### TO DO:
Setting aside any pictures, reproduce the data exactly.

### STORED DATA:

======

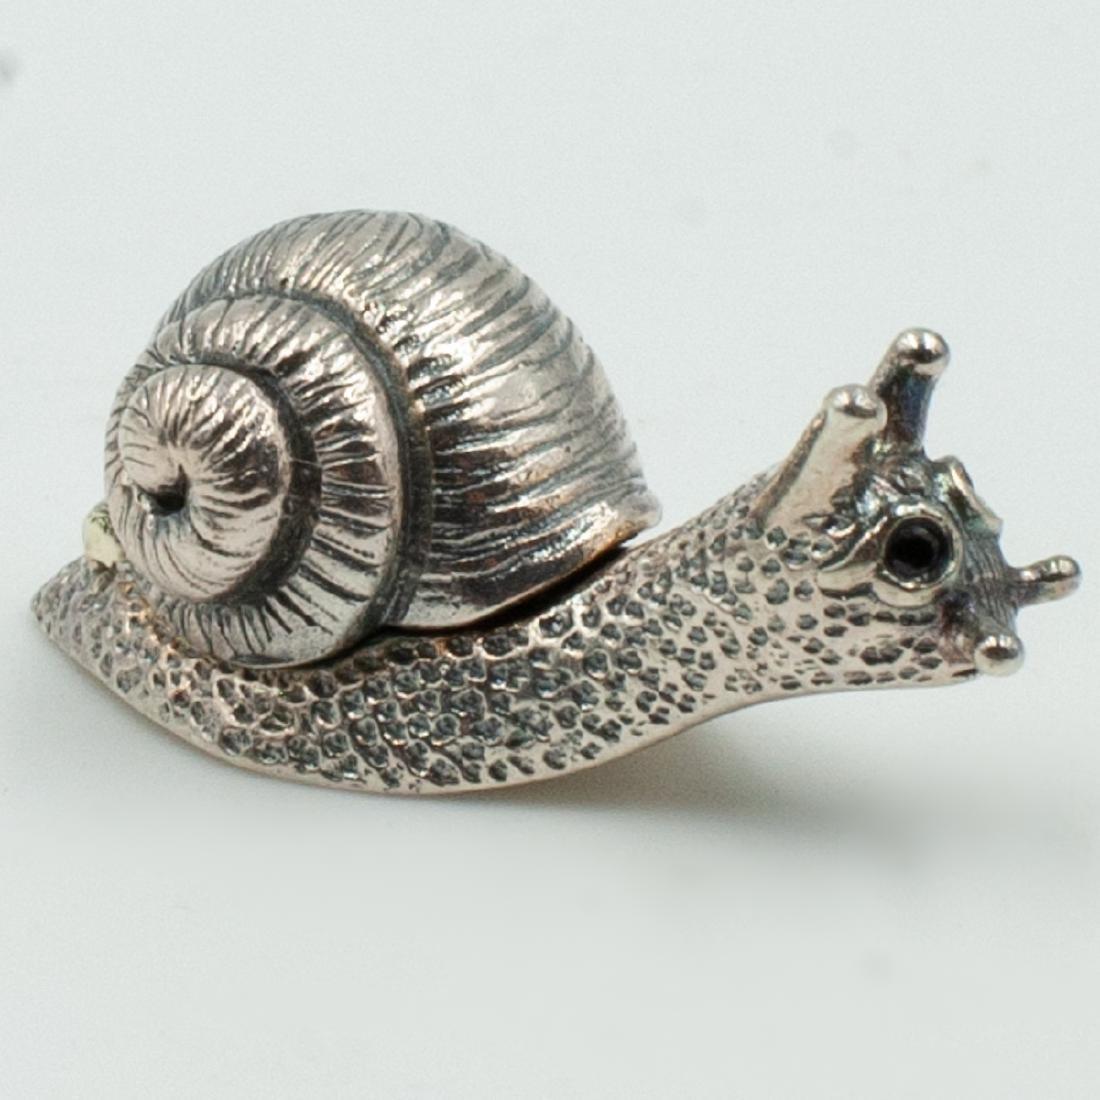 Miniature Sterling Snail Box
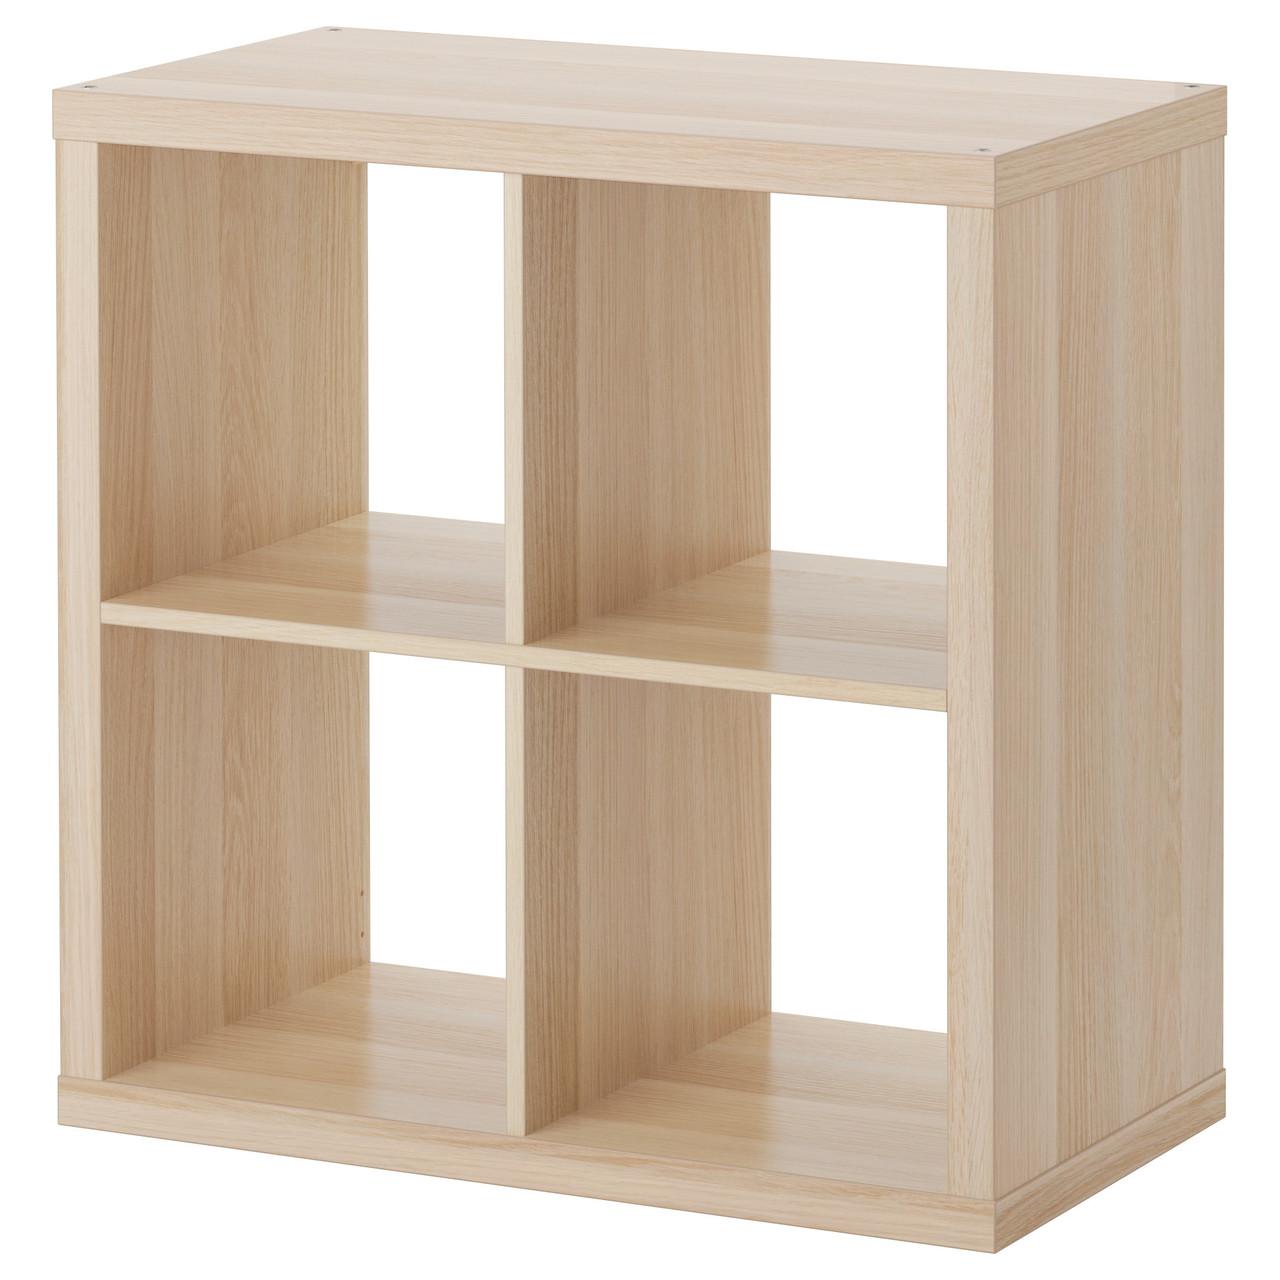 KALLAX Книжный шкаф, ef дуба морилок биа 603.245.20
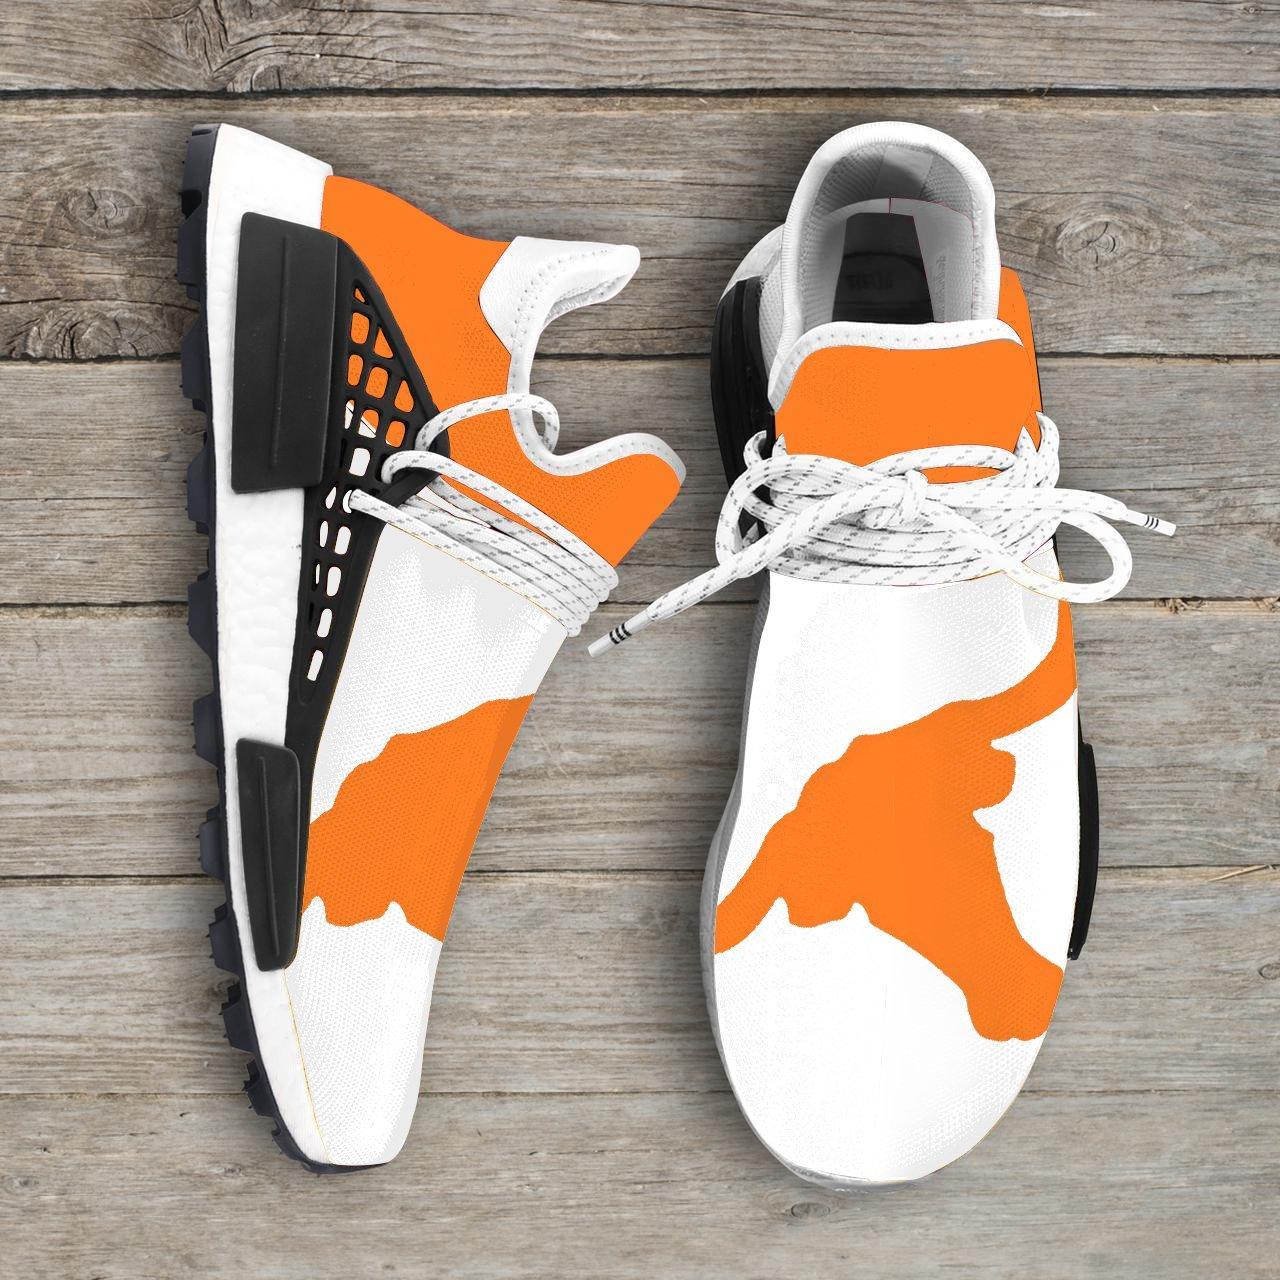 Texas Longhorns Ncaa NMD Human Shoes
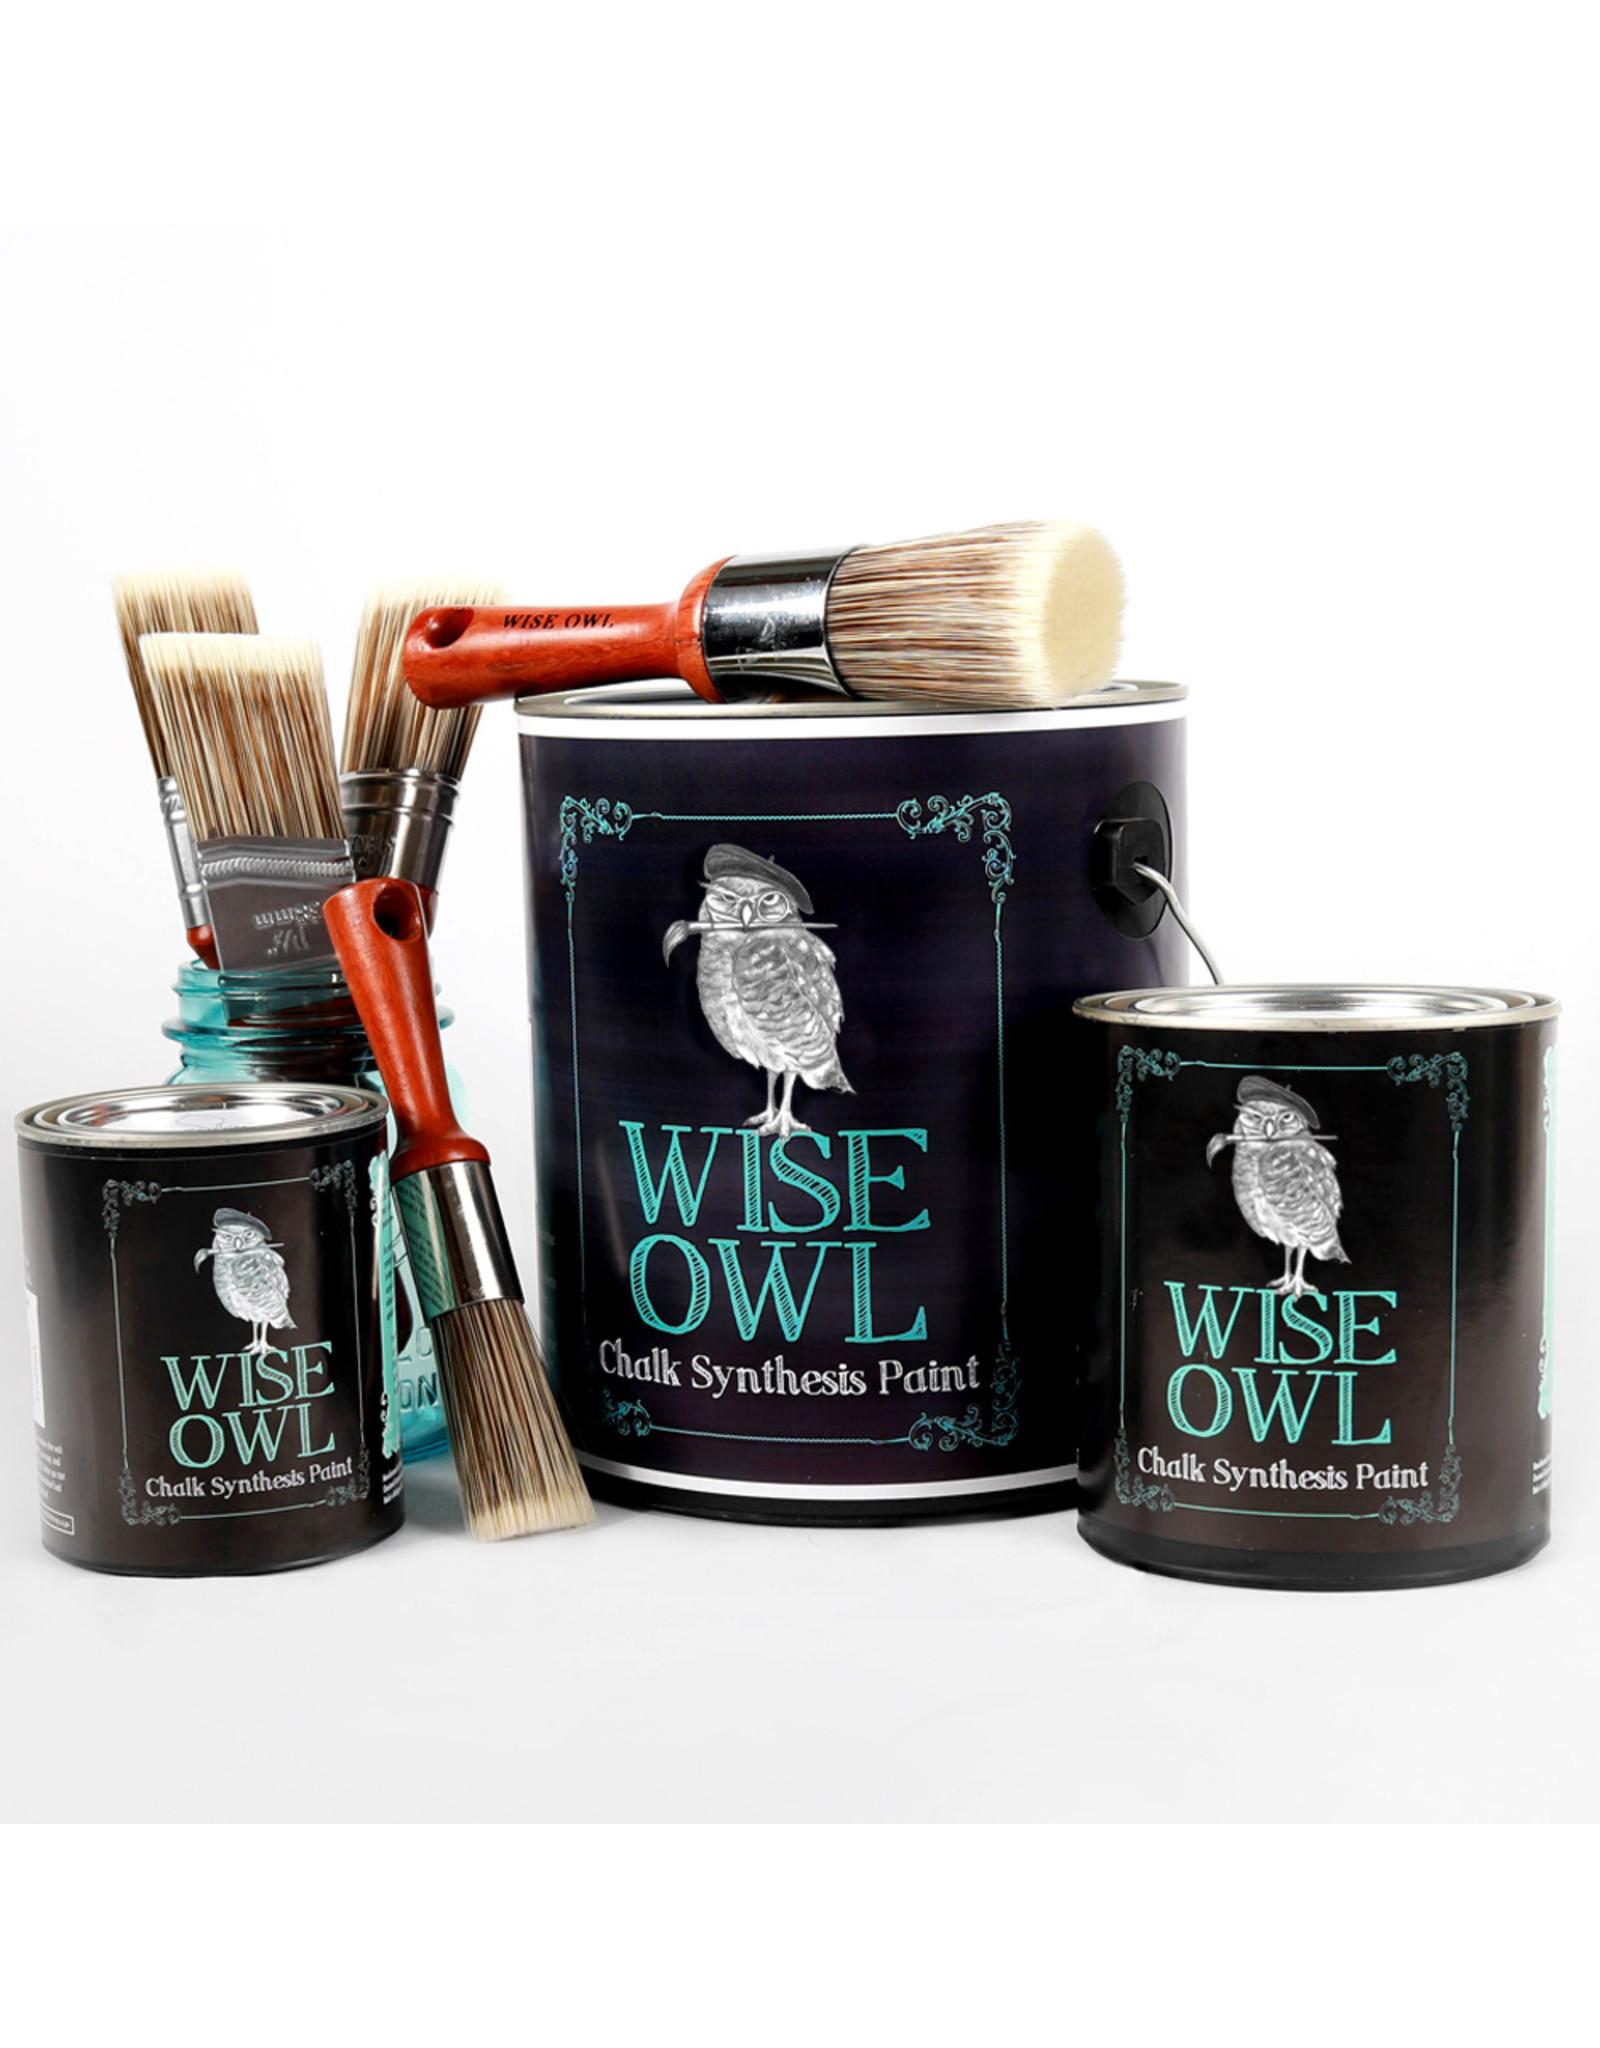 Wise Owl Paint Chalk Synthesis Paint Poseidon-Pint

======

### TASK RESPONSE:
 Miniature Sterling Snail Box
 KALLAX Книжный шкаф, ef дуба морилок биа 603.245.20
 Texas Longhorns Ncaa NMD Human Shoes
 Wise Owl Paint Chalk Synthesis Paint Poseidon-Pint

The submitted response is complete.